Changesets feature complete

John Arbash Meinel john at arbash-meinel.com
Fri May 26 17:41:30 BST 2006


Aaron Bentley wrote:
> John Arbash Meinel wrote:
>>> There is another thing that signing the whole changeset gets you. You
>>> can run one pass over it, and verify that the changeset itself is valid
>>> before you do any more work.
> 
> Using the signature as a checksum in other words?  Well, yes, but we
> could use a checksum for that, and we wouldn't need to type our PGP
> passphrases...

Well, (practically) every email I send is wrapped in a GPG signature.
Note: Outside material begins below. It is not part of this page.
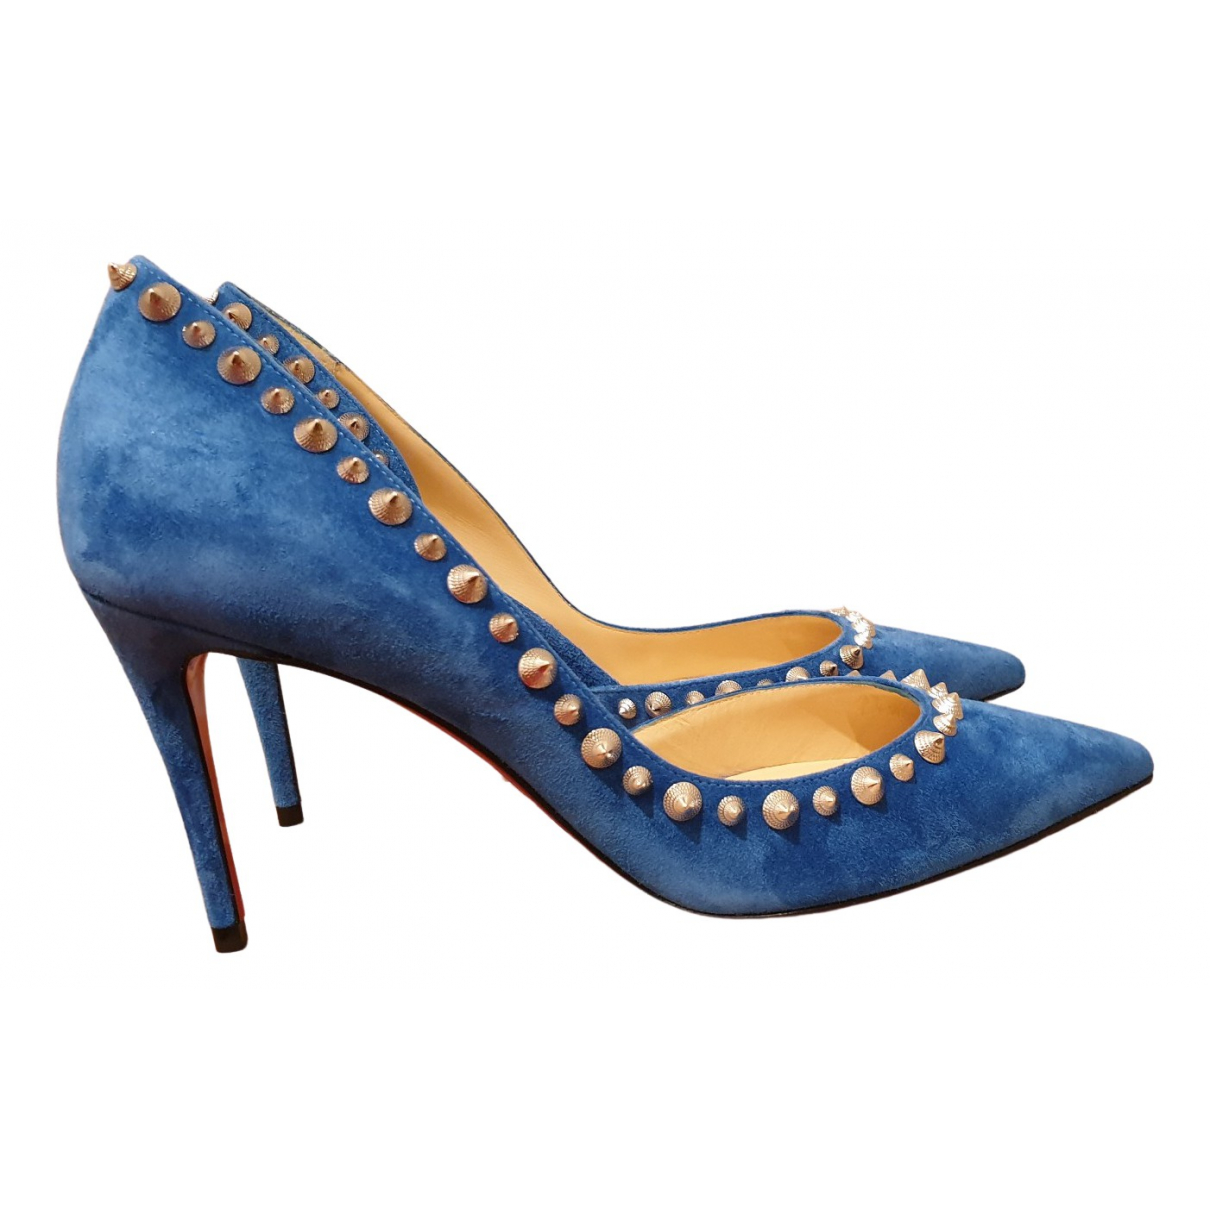 Christian Louboutin - Escarpins Iriza pour femme en suede - bleu

So
it is part checksum, and part a small verification that I'm the one
sending the changeset.

> 
>>>> I suppose one thing that signing the changeset would provide would be
>>>> evidence that the changeset itself is not maliciously written (as with
>>>> ActiveX browser plugins).  But changesets aren't supposed to be
>>>> dangerous anyway - it's not like they're an executable format - so
>>>> that's a very limited advantage.
>>> It also makes it easier if you wanted to do the darcs thing of
>>> writing a line in your .procmailrc to automatically apply changesets
>>> that are sent to a particular email address.
> 
> So this is where I say "sign the message, not just the changeset".  Just
> because I signed a changeset, doesn't mean I think *you* should merge it
> into *that* branch.  This is something I think PQM really gets right.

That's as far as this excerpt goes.